From 1906, Kaneko served as a member of the Privy Council, and was elevated in title to viscount in 1907.
In his later years he was engaged in the compilation of a history of the Imperial family and served as secretary general of the association for compiling historical materials about the Meiji Restoration. He completed an official biography of Emperor Meiji in 1915. He was awarded the Grand Cordon of the Order of the Rising Sun in 1928, and elevated to hakushaku in 1930.
Kaneko was a strong proponent of good diplomatic relations with the United States all of his life. In 1900, he established the first American Friendship Society.
According to the records of the America-Japan Society, Kentaro Kaneko founded that organization in Tokyo, on March 1917, and became its first president.
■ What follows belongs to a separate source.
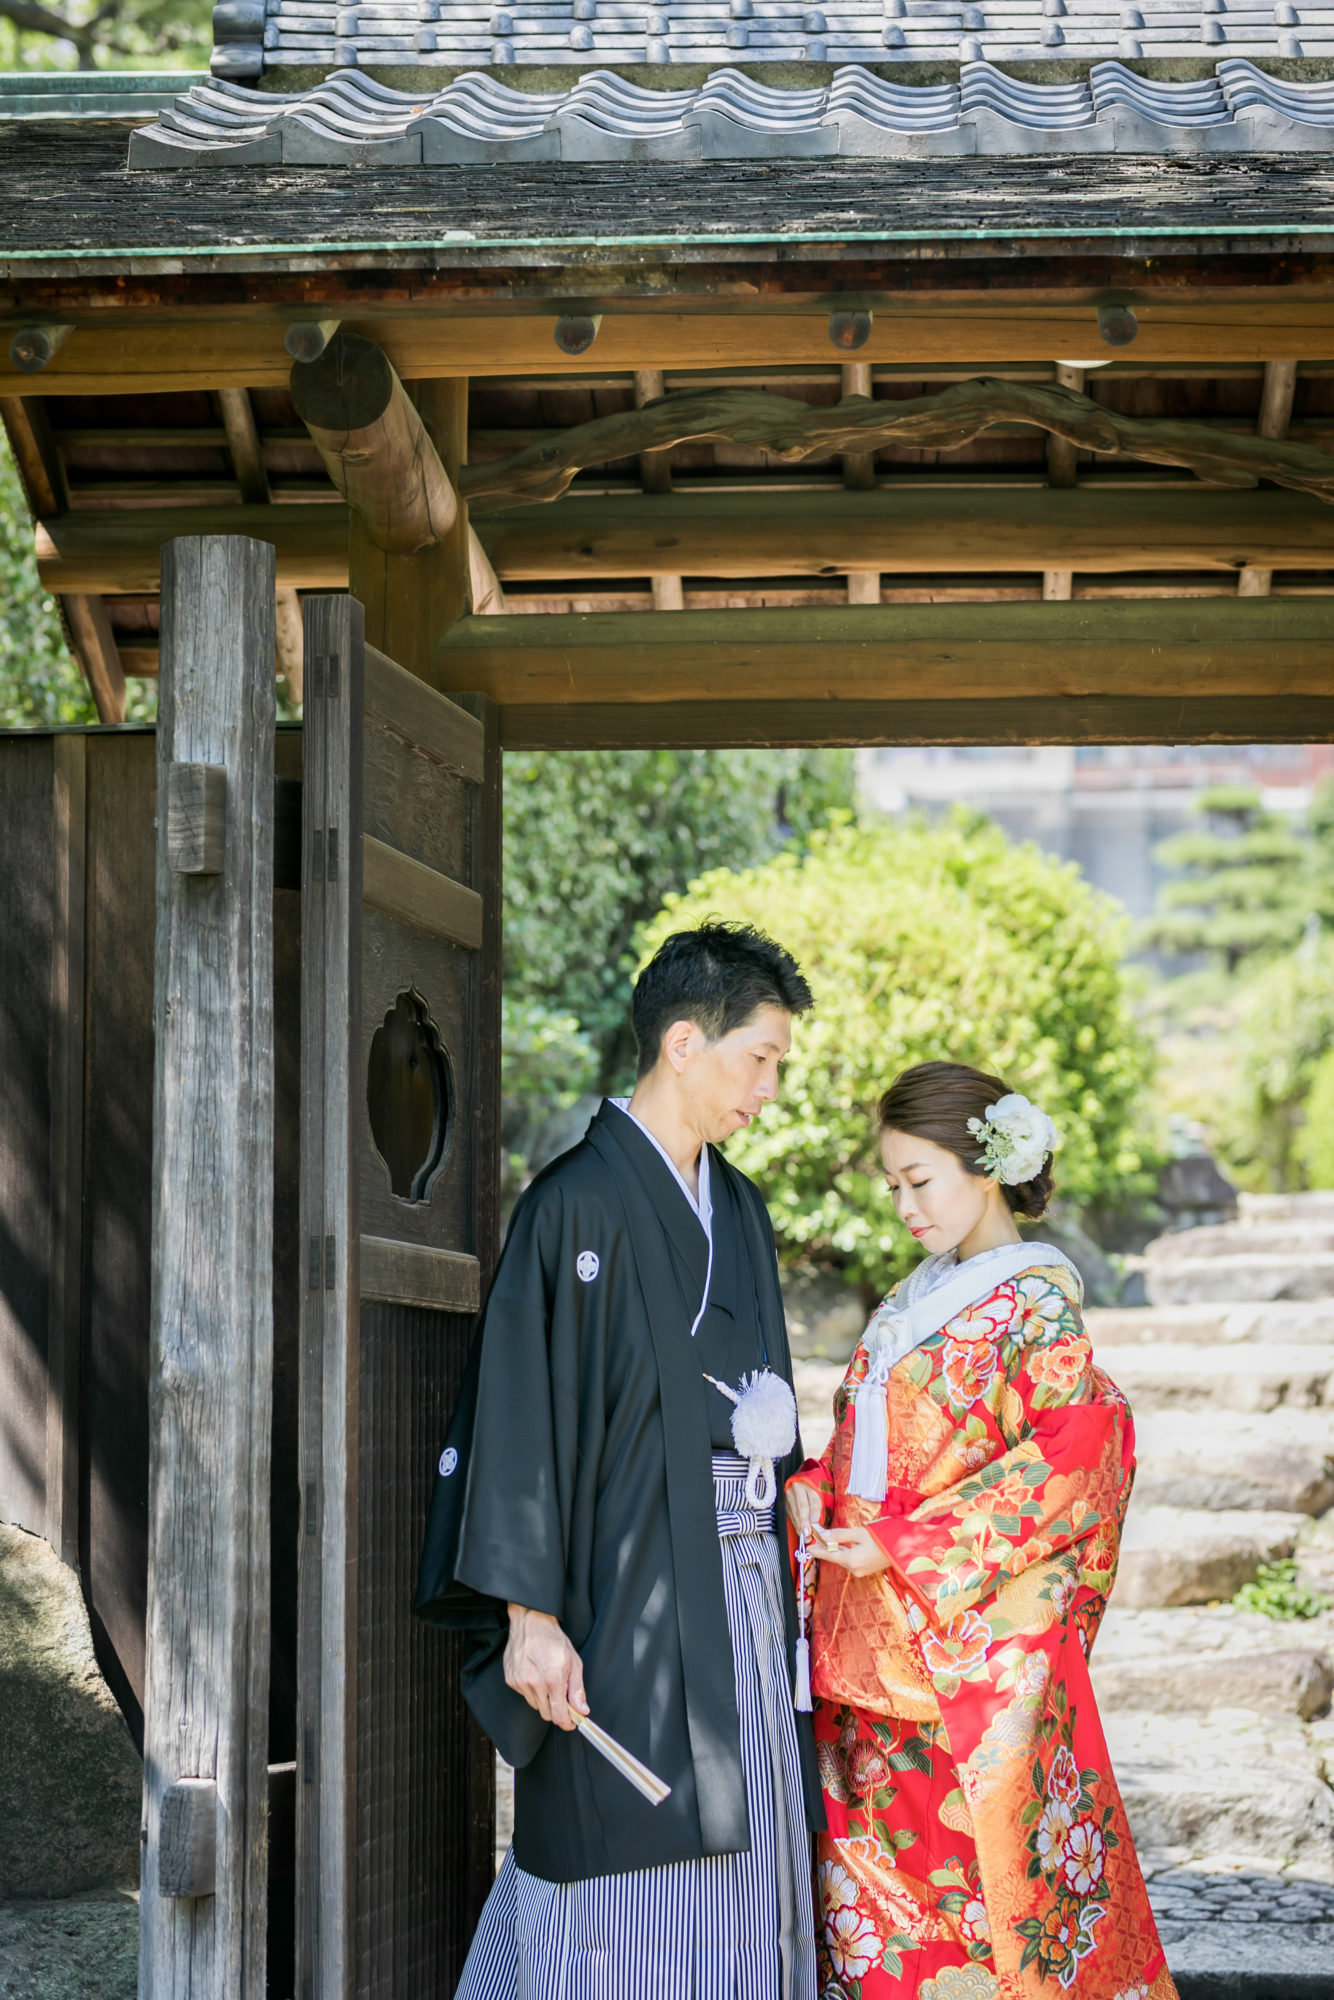 神戸にある日本庭園が広がる相楽園での色打掛をお召しになられた前撮り

In 1938, during a time of increasingly strident anti-American rhetoric from the Japanese government and press, he established the Japan-America Alliance Association, a political association calling for a "Japanese-American Alliance", together with future Prime Minister Takeo Miki. He was one of the few senior statesmen in Japan to speak out strongly against war with the United States as late as 1941.
On his death in 1942, Kaneko was posthumously awarded the Grand Cordon of the Supreme Order of the Chrysanthemum.